Now technology, tracking, and improved election practices mean cutoffs for in-person registrations serve no purpose, unless it’s to limit voter participation or for candidates to narrow the number of voters they have to appeal to.

Today, voter registration cutoffs are arguably one of the largest legal forms of voter disenfranchisement. They needlessly prevent several million eligible voters from casting their ballots in every national election. In 2016, Colorado alone saw more than 200,000 voters that otherwise would have been turned away take advantage of their newly enacted same-day registration policy.

The remaining 34 states — including Pennsylvania, Florida, Ohio and Texas — are running out of excuses to keep advance cutoffs and maintain voter registration as a barrier to voting.

The National Conference of State Legislatures reports a state can expect up to a 7 percentage point increase in voter turnout after adoption of a same-day registration policy. Even half that increase in the 34 states that cut off registration weeks before the election would mean an additional two million people getting a chance to vote.

More Choice for San Diego

Who’s most likely to use same-day registration? It is generally younger voters, those new to the process, and voters less firmly tied to the two major parties. They’re also more likely to be undecided about whether to vote or who to vote for.

Undecided does not mean uninterested or less informed. These are voters ready to take the time to make the trip to their place of voting with every hope of claiming the right and responsibility of citizenship — to be a participant and have a voice.
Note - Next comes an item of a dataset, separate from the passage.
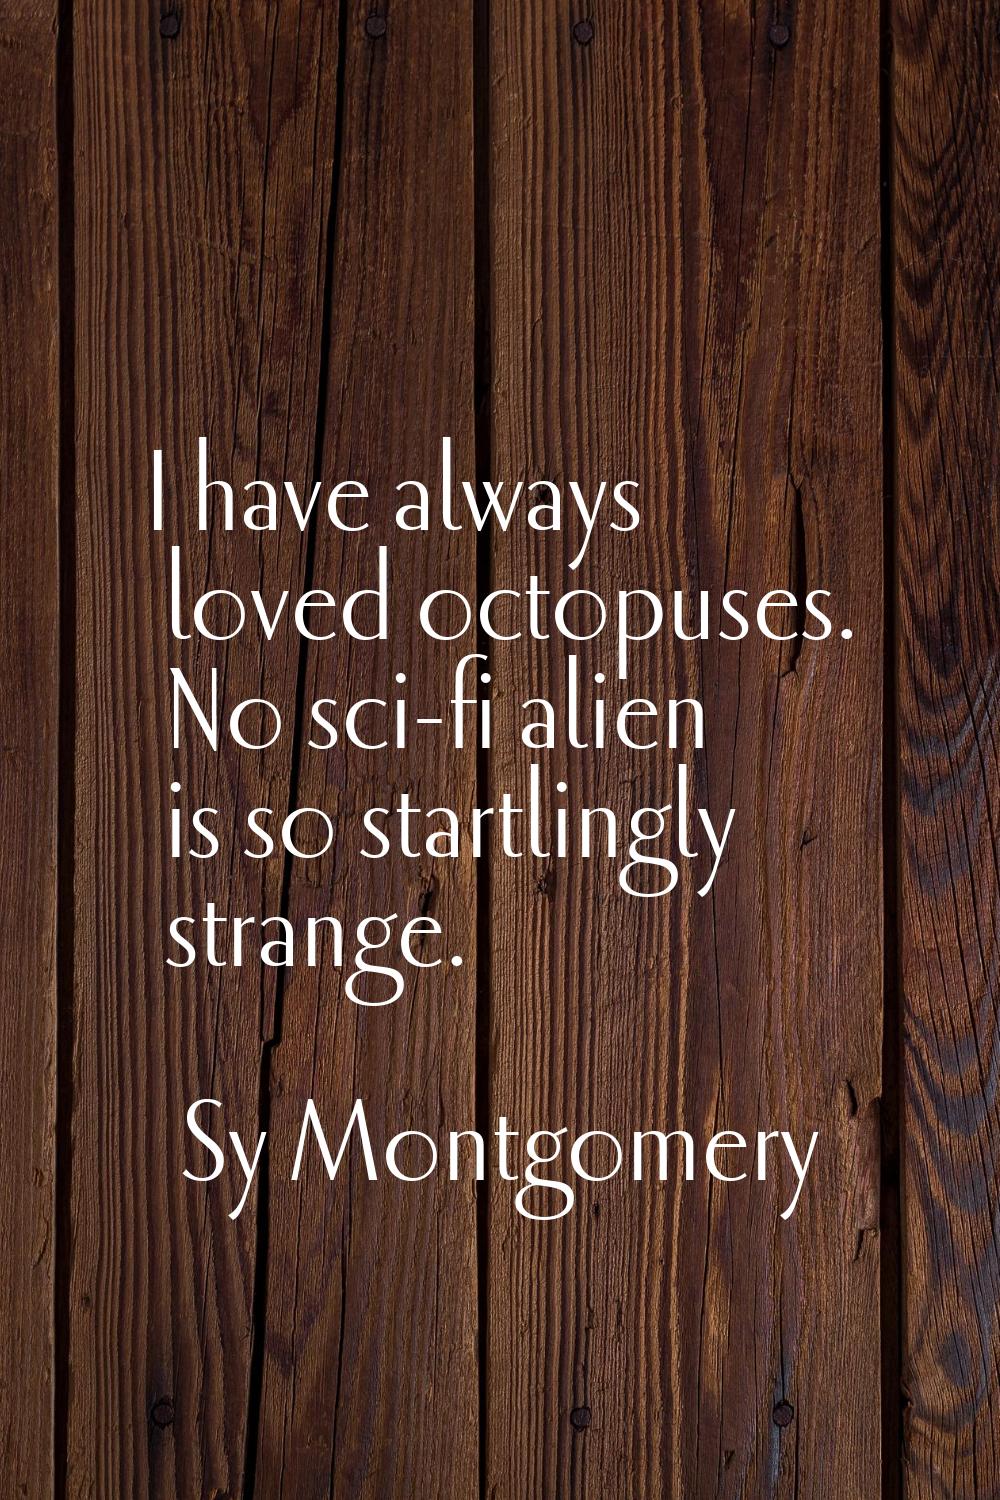 I have always loved octopuses. No sci-fi alien is so startlingly strange.
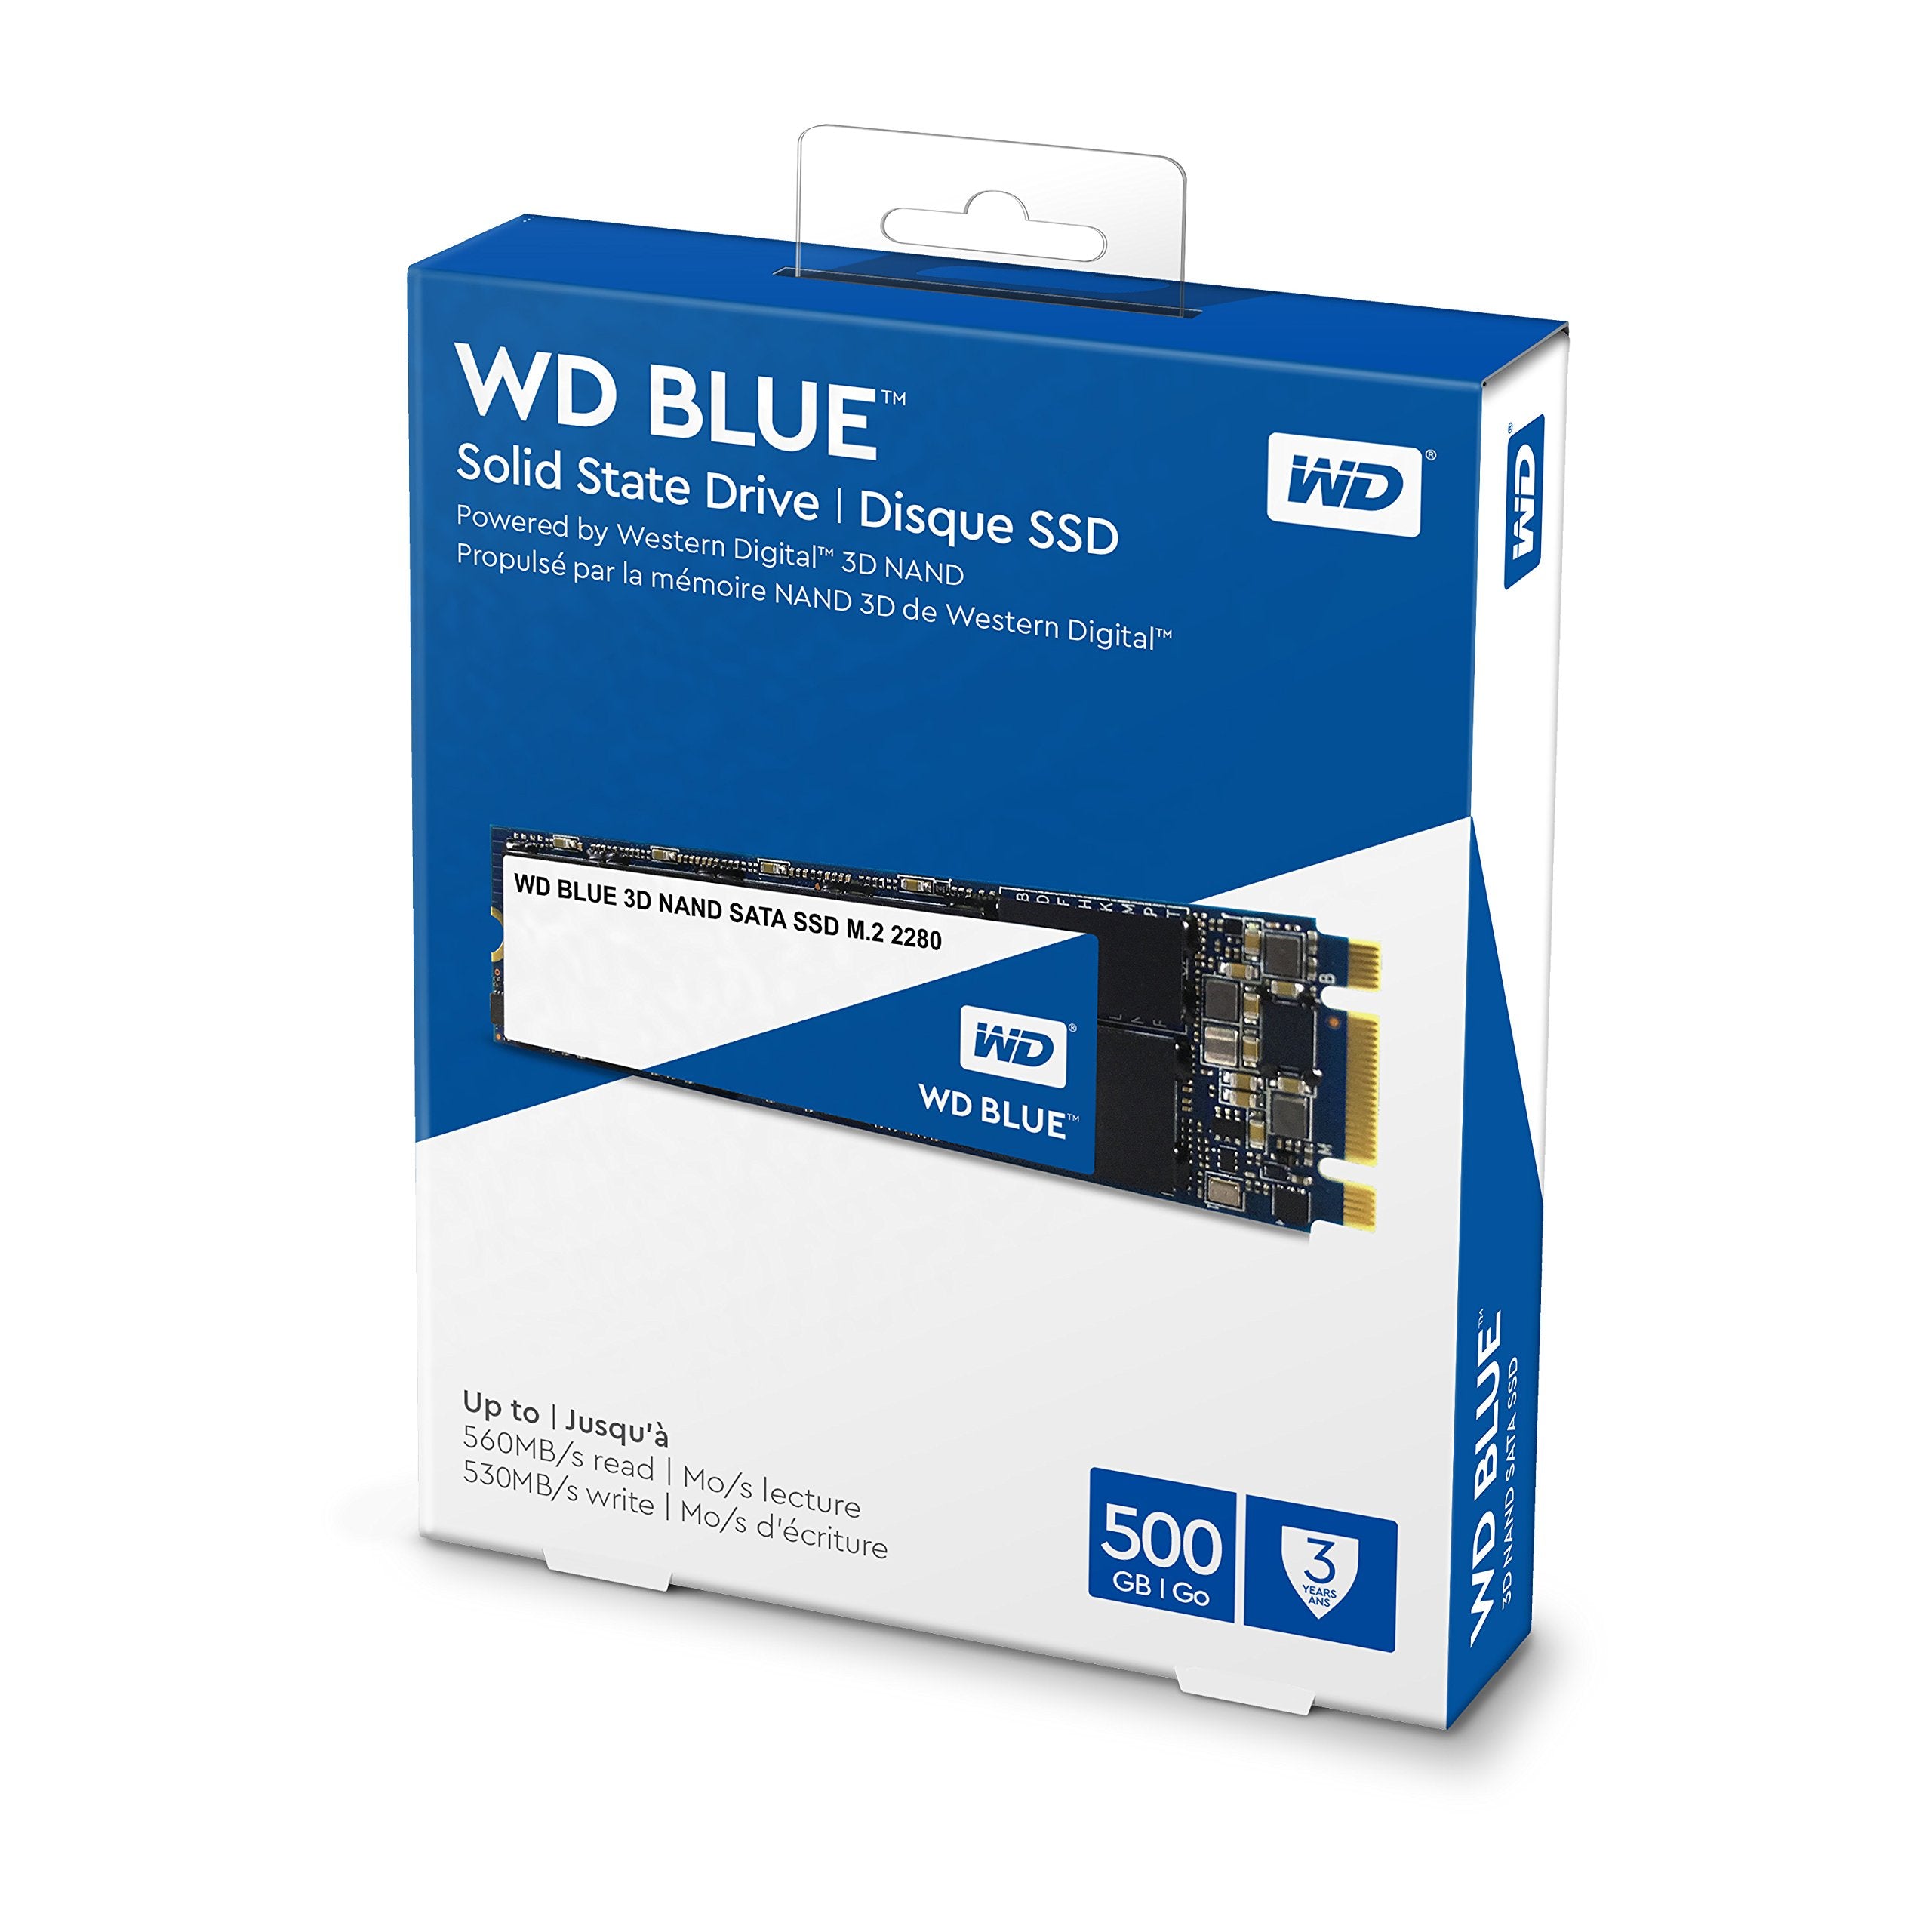 WD Blue 3D NAND 250GB Internal PC SSD - SATA III 6 Gb/s, M.2 2280, Up to 550 MB/s - WDS250G2B0B

Why deny these voters the opportunity to gain the benefits of being a voter? Voters are known to have a greater connection to their neighbors, improved health outcomes, and a higher likelihood of participating civically in other ways.

Other popular reforms can make a difference too: automatic voter registration; pre-registration of 16 and 17 year-olds; limiting voter purges. But in a country with more than 240 million eligible voters the largest problem will always be missed registration deadlines or fixable mistakes by voters, public agencies, or election offices.

Many states, like Nevada, Indiana, and Pennsylvania, are exploring enacting same-day registration policies and joining others that already have these policies in place.

In the meantime, Utah, Washington, and 14 others have set the bar and pushed the nation to end making voter registration a barrier — rather than a gateway — to active citizenship and voting.